Harrison Thorp 10:46 a.m.


'I was shocked when I saw his name was in the paper."

Christopher S. Blier, inset; some of the cash and drugs found in his car after it was stopped, according to police. (Sanford Police photo)

MILTON - The man federal authorities accuse of being a major fentanyl trafficker in the Northern Seacoast and Sanford area was recalled as "a good kid" and someone you'd never "imagine in a million years" would be caught up in drugs, a former Nute High staff member said last week.

Christopher S. Blier, 31, whose address has been given as 701 Upper Guinea Road, Lebanon, but grew up in Milton and attended Nute High, was arrested by Sanford Police on July 22 on charges of aggravated trafficking and several other charges after a traffic stop on Route 202.

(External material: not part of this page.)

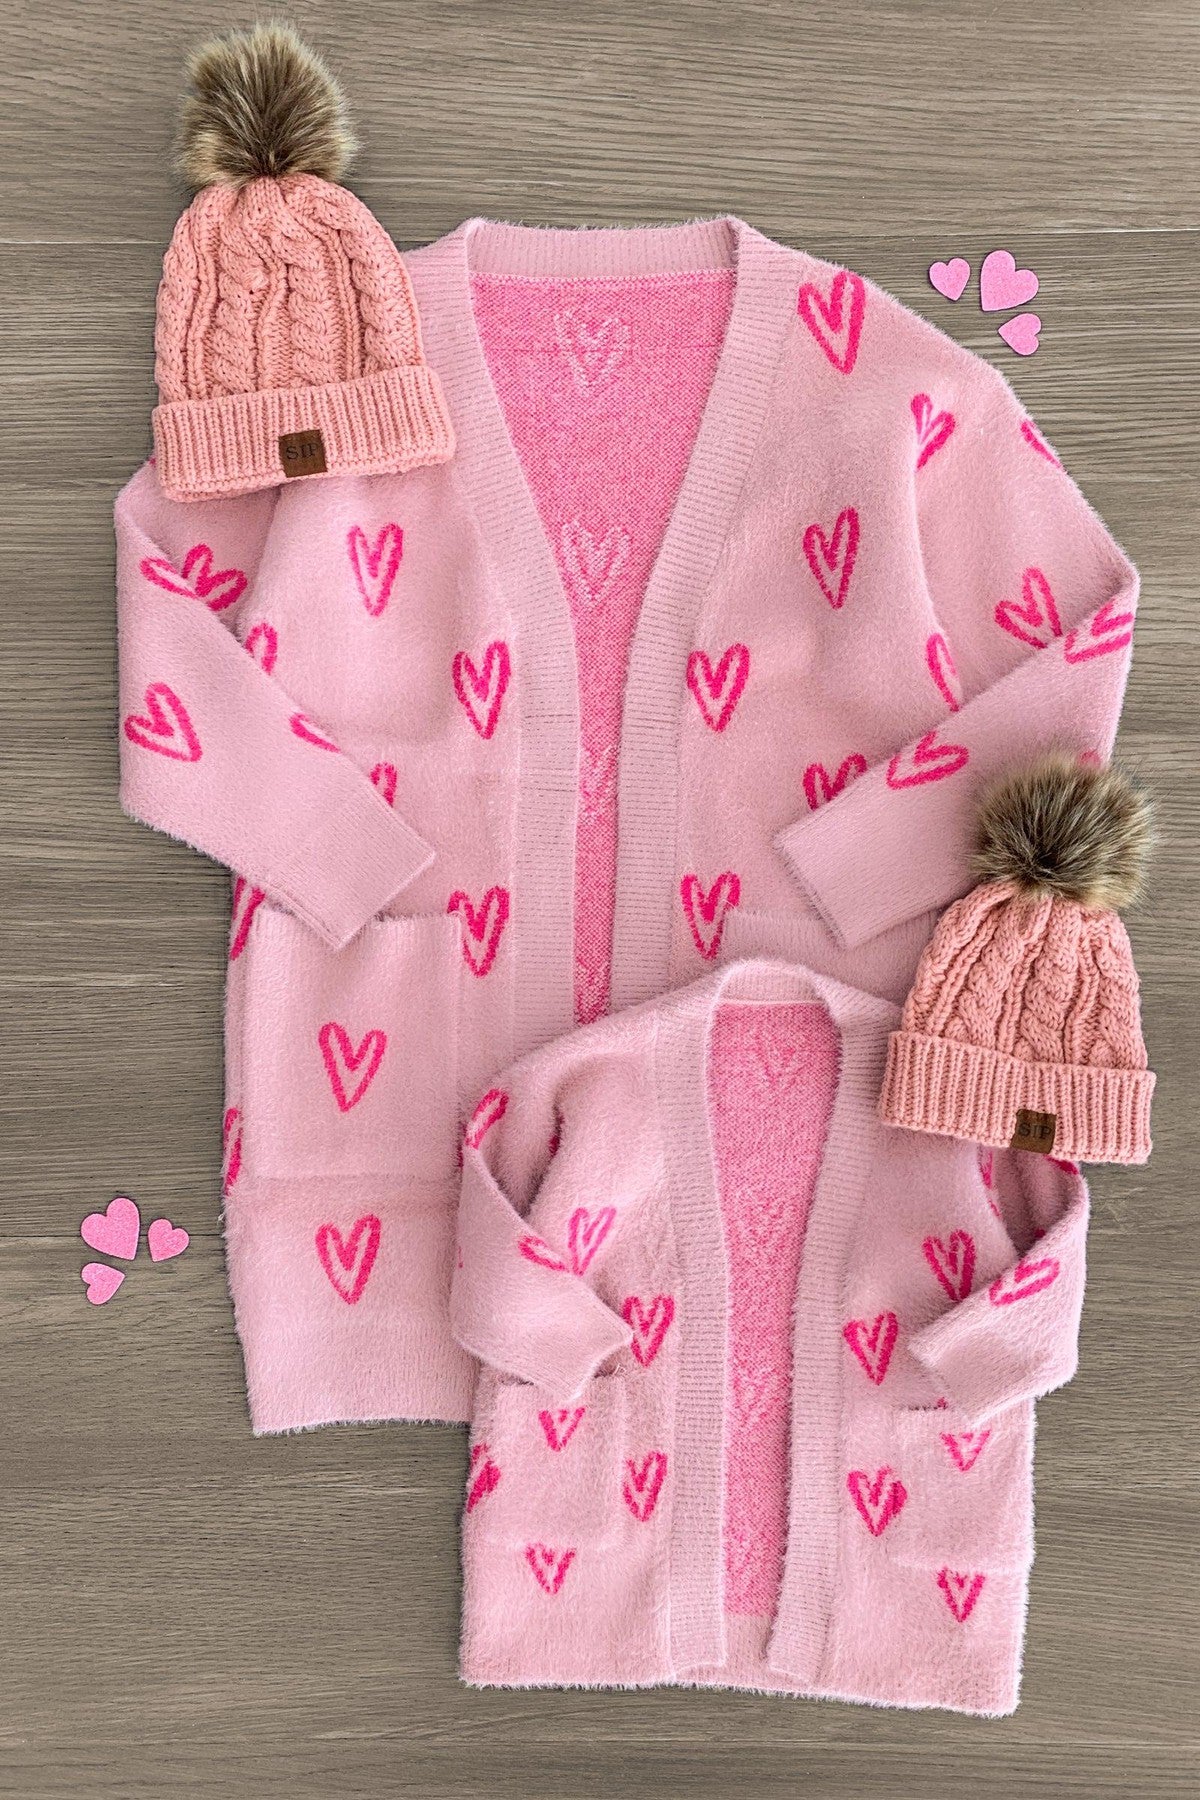 Mom & Me - Pink Heart Cardigan - Sparkle in Pink

Last week The Lebanon Voice provided exclusive detail regarding the fed's recent takeover of the case, with the former charges winnowed down to a single charge of possession with intent to distribute a mixture containing fentanyl, according to Assistant U.S. Attorney Jamie Guerrette of the U.S. Attorney's Office in Portland, the lead prosecutor in the case.

Last Tuesday Blier went before a federal judge in Portland and was released on an unsecured property bond of $10,000, according to court records obtained by The Lebanon Voice.

But the former Nute High staffer, who asked not to be identified for this story, said she knew Blier as a "very well-mannered young man."

"It's very said for this little town," she added.

She said after high school, it looked like he was off and running on a great life.

"He had a good job at the Portsmouth Naval Shipyard," she said. "And he met a girl and has a child."

She said she was saddened to learn he had somehow gotten into drugs.

"He's a victim of the drug," she said. "I was shocked when I saw his name was in the paper."

Shortly after his July arrest the significance of the bust came clear when the head of the Maine Drug Enforcement Agency's Biddeford office, Pete Madore, called it "a substantial seizure for this area."

Madore estimated the street value of 128 gross grams of heroin seized from Blier's car at around $20,000. Officers also found more than $10,000 cash in Blier's possession.

Blier's Facebook Page notes he went to Nute High School.

As of Wednesday future court dates in the case had yet to be scheduled.